[Problem details] Below are records with pictures in them. Output exactly the lines from the one with "Camille PISSARRO (1830-1903)" through the one with "两张纸上的木炭 22 x 23.5 cm (正在展出)", both included, and leave every picture out; give only those lines.

[Material shown]
┌──

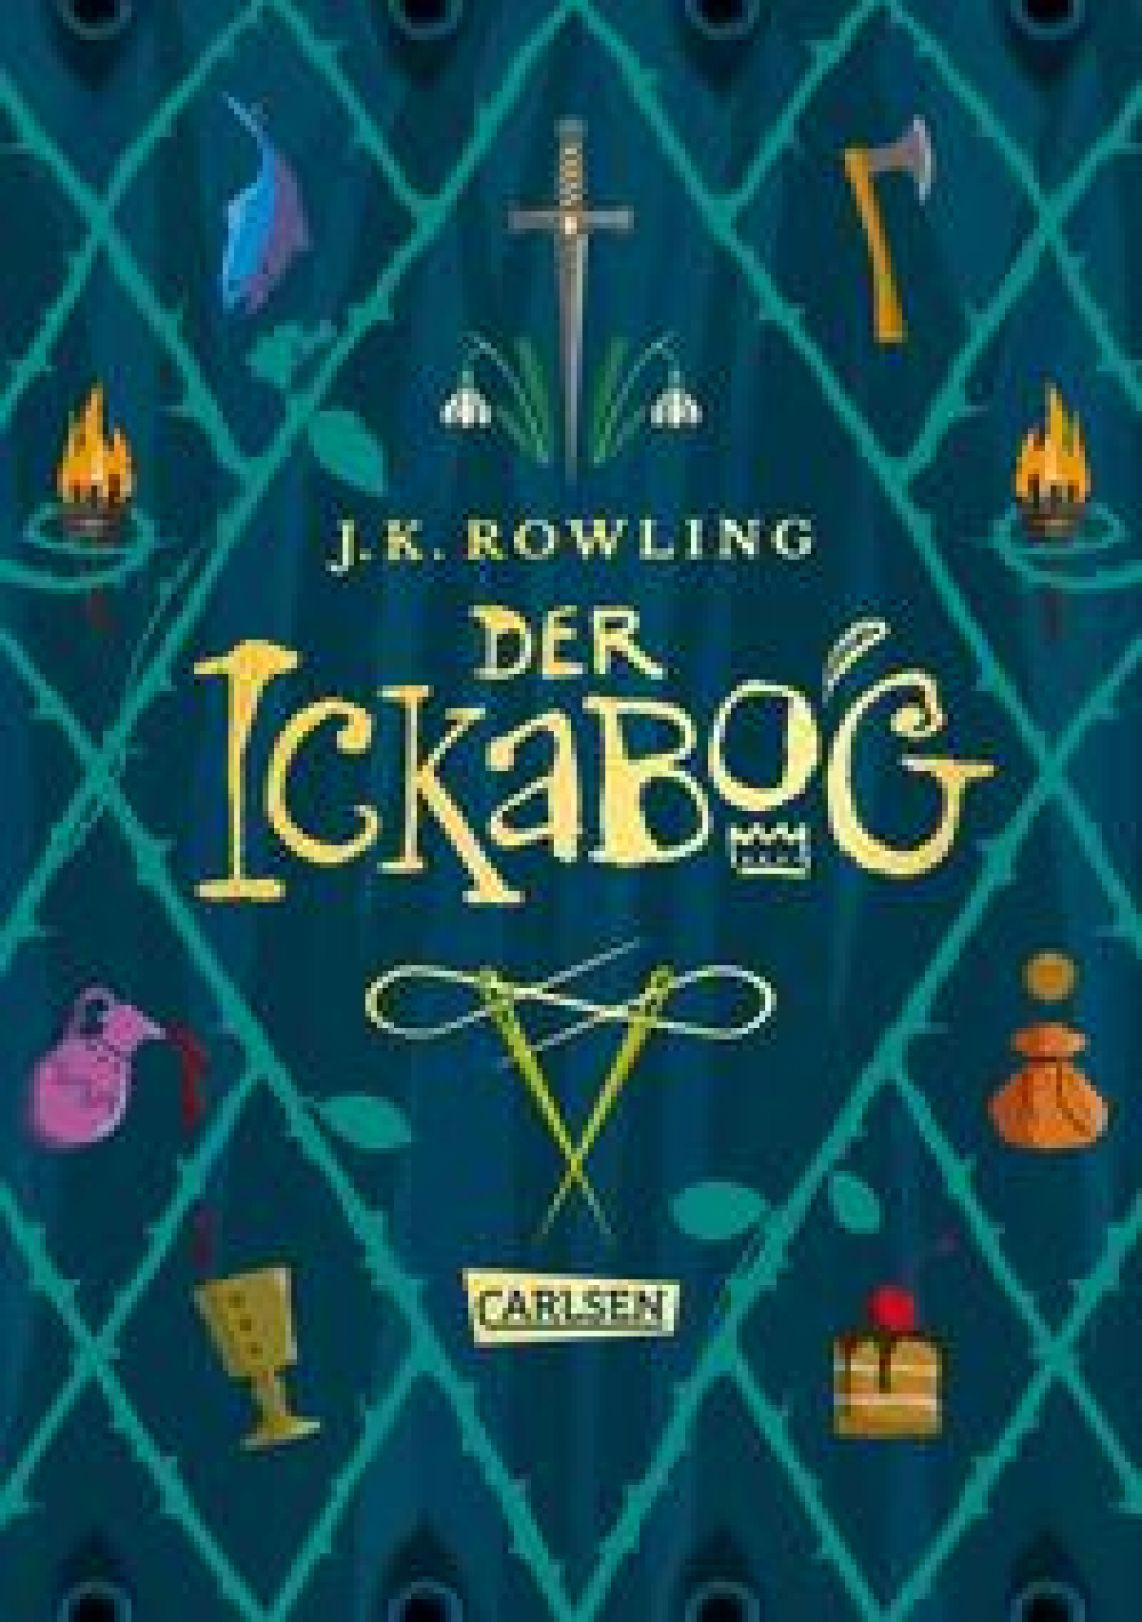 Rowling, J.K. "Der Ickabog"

└──
┌──

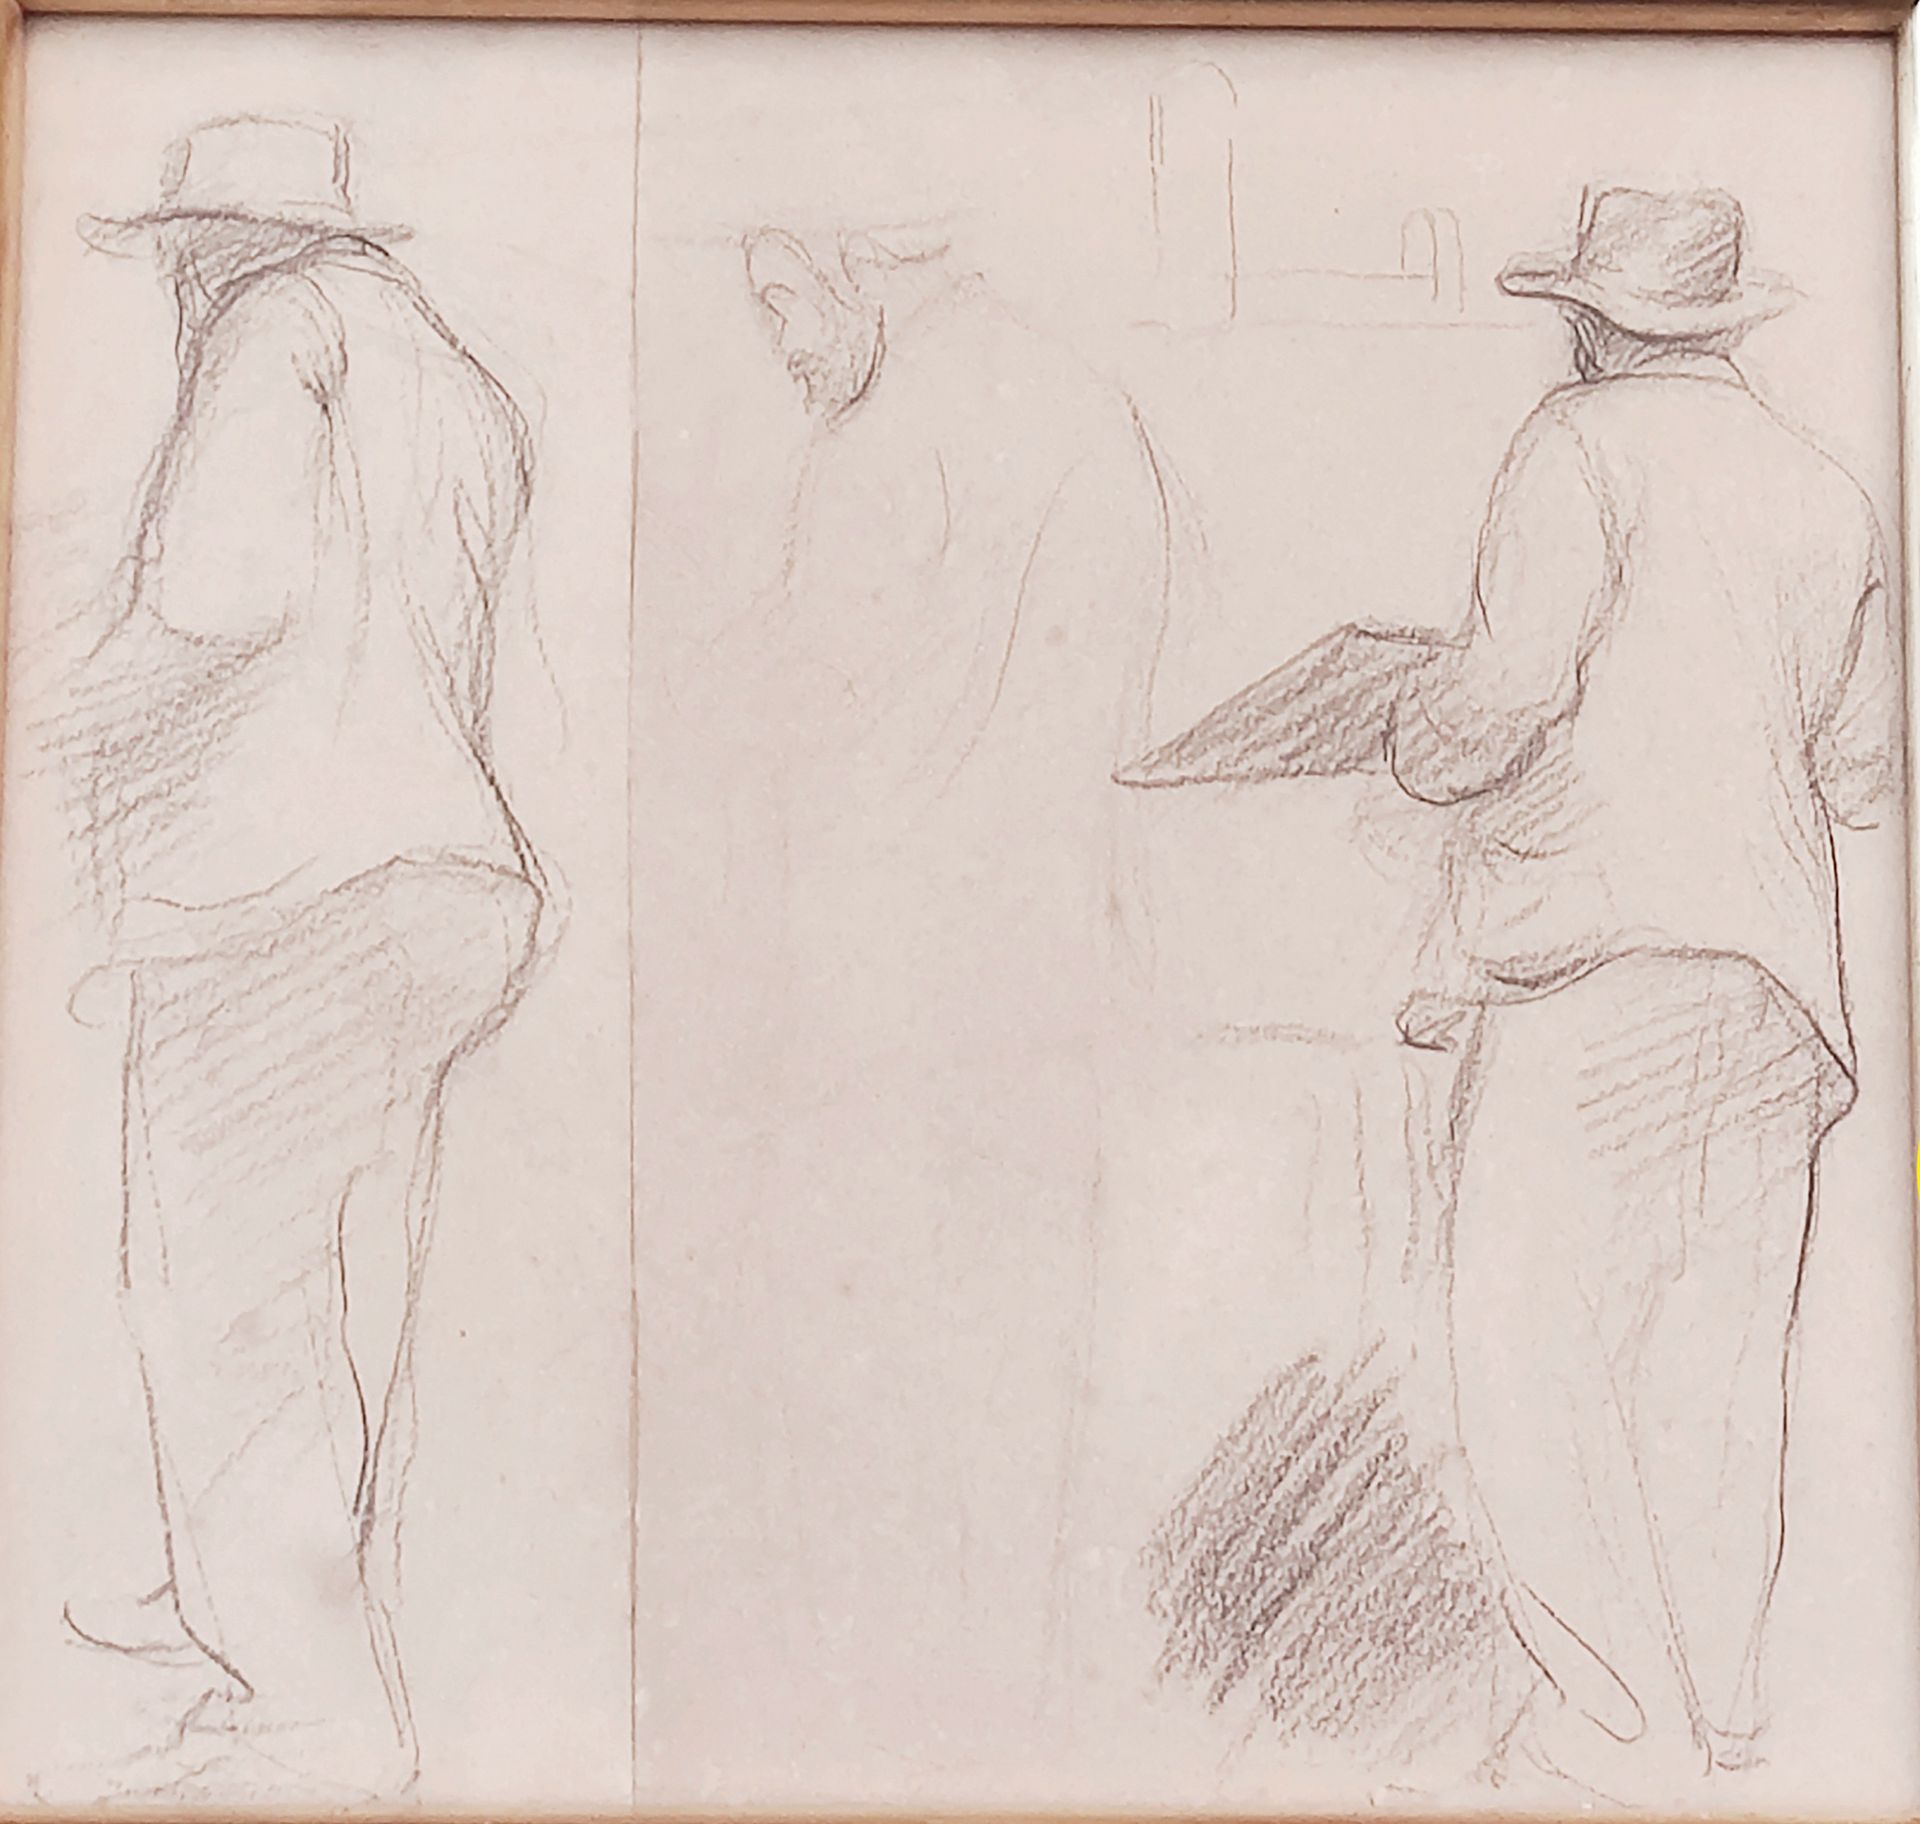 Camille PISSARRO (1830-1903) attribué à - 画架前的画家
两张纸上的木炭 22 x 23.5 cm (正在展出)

└──

[Your response]
 Camille PISSARRO (1830-1903) attribué à - 画架前的画家
两张纸上的木炭 22 x 23.5 cm (正在展出)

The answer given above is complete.